Dirty secrets: The most unusual rally cars
Rallying wasn’t on Enzo Ferrari’s radar, but it was for Giuliano Michelotto. From 1977, the young Paduan engineer had his heart set on turning the latest Ferrari 308 GTB into a terrain-trampling thoroughbred, pitching it against the dominant Lancia Stratos, several of which he had incidentally prepared himself. Allegedly he received clandestine support from factory engineers, many of whom put in countless hours and sleepless nights sorting the new car. Weighing a scant 900kg and powered by a shrieking 300HP V8 (a rarity in rallying), the 308 GTB quickly earned success on the European stages. As il Commendatore slowly came round to the idea of a Ferrari rally car, so the enduring relationship with Michelotto began.
You might think contesting the gruelling 15,000km Peking to Paris endurance rally in a 1939 Bentley 4¼ Litre saloon a bit crazy but, with strict eligibility criteria, it’s actually the ideal car for the job. Well, with several modifications, that is. For the 2013 rally, guard shields were added underneath this car to protect the fuel tank and the drivetrain, and the engine, electrical systems, brakes and suspension were all overhauled to make the car as robust and reliable as possible. Suffice to say, the car made it to the finish in Paris. Bravo. Another surprising entry into the Peking to Paris was the Aston Martin DB5, prepared in the mid-90s by specialist R.S. Williams. Modifications included full suspension and brake upgrades, three spare tyres and an internal safe. It entered twice, in 1997 and 2010, impressively finishing both times.
Another car unlikely to receive any authorised factory support was this Rolls-Royce Corniche, though that’s probably more to do with the fact it wasn’t strictly a Rolls. Entered into the 1981 Paris Dakar rally as the result of a drunken dinner bet, this Corniche was Chevy V8-powered, sat on Toyota Land Cruiser axles and weighed 1400kg, considerably lighter than the road car thanks in part to its polyester body and tubular chassis. With Christian Dior’s latest fragrance adorning the bodywork, the car affectionately became known as ‘Jules’.

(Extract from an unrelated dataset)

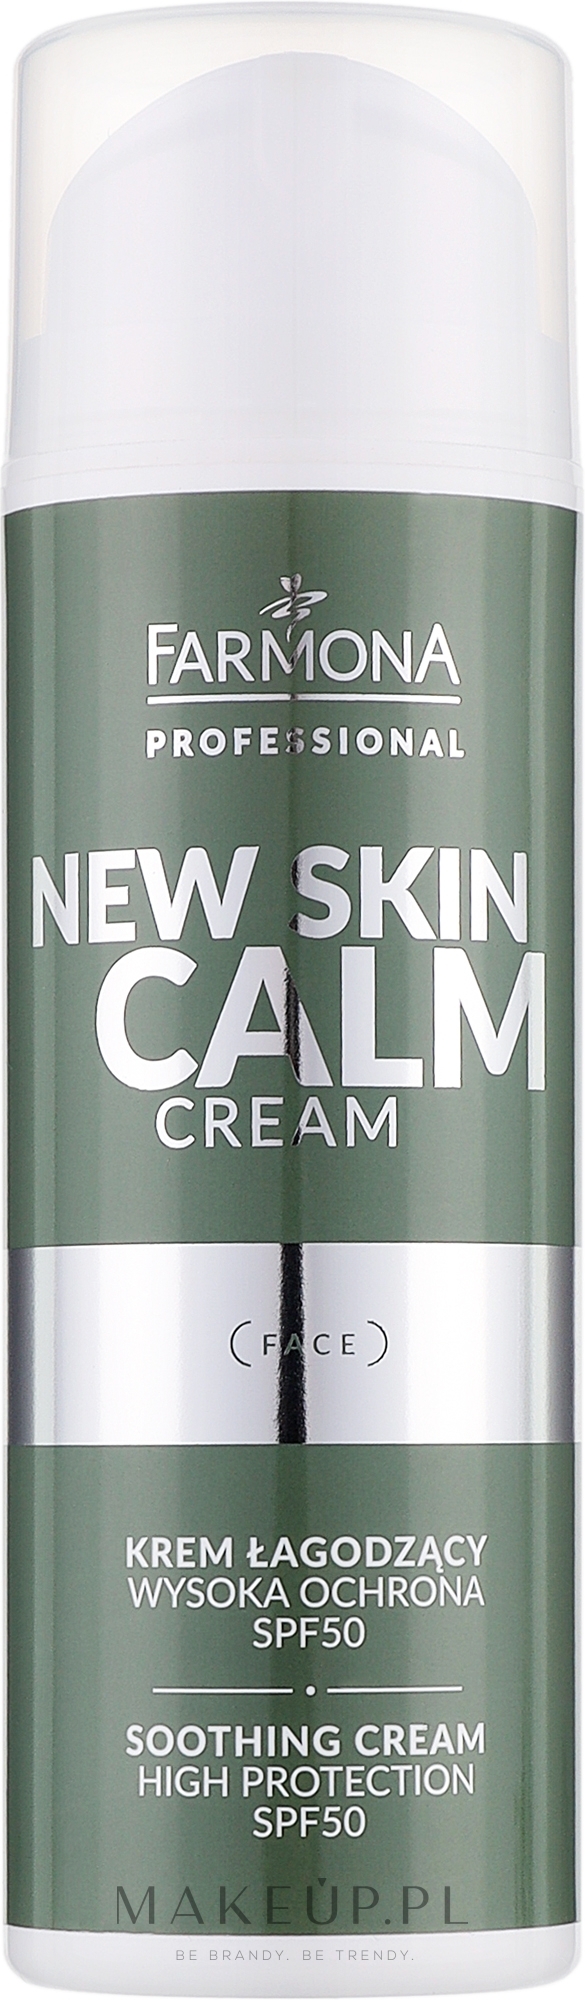 Łagodzący krem do twarzy z wysoką ochroną SPF 50 - Farmona Professional New Skin Calm Cream Face Soothing Cream High Protection SPF 50 — Zdjęcie 150 ml

Dior had clearly caught the rallying bug in 1981, as evident in perhaps the most bizarre creation ever to grace the Paris Dakar, the Jules Proto 6x4 Dakar Racer of 1984. It was just as radical mechanically as it was cosmetically, too, boasting a spaceframe, Kevlar-clad chassis, four wheel-drive (the rearmost axle was not powered) and a mid-mounted Chevrolet V8 mated to a Porsche 935 gearbox. Apparently the chassis snapped. Looking at it, we can hardly say we’re surprised.
Speaking of six-wheeled contraptions, Frenchman Christian de Leotard used the 1980s Paris-Dakar rallies as a proving ground for his six-wheeled creations, which included wacky interpretations of the Mercedes-Benz G-Wagon, Range Rover, Renault 5 Turbo and Peugeot P4.
'Quick Vic's' vision
Although the Porsche 911 is now almost as well regarded as a rally car as it is a road-racer (think Rothmans-liveried 953), if it hadn’t been for Vic Elford, that might not be the case. The British racer was adamant that the original rear-engined coupé would be competitive, so single-handedly took a loaned 911 on the 1966 Tour of Corsica and finished an impressive third. This was enough for Porsche to take note and launch a full Works offensive the following year, so beginning the 911’s illustrious rally competition history.
Shorty on a long haul
Owing to its advanced hydropneumatic suspension, the Citroën DS was widely used as a tool for rallying. More interesting was the 1969 ‘shorty’ version. Campaigned in the notoriously difficult Rallye du Maroc (where it duly won), the car essentially looked as though it had been chopped in half.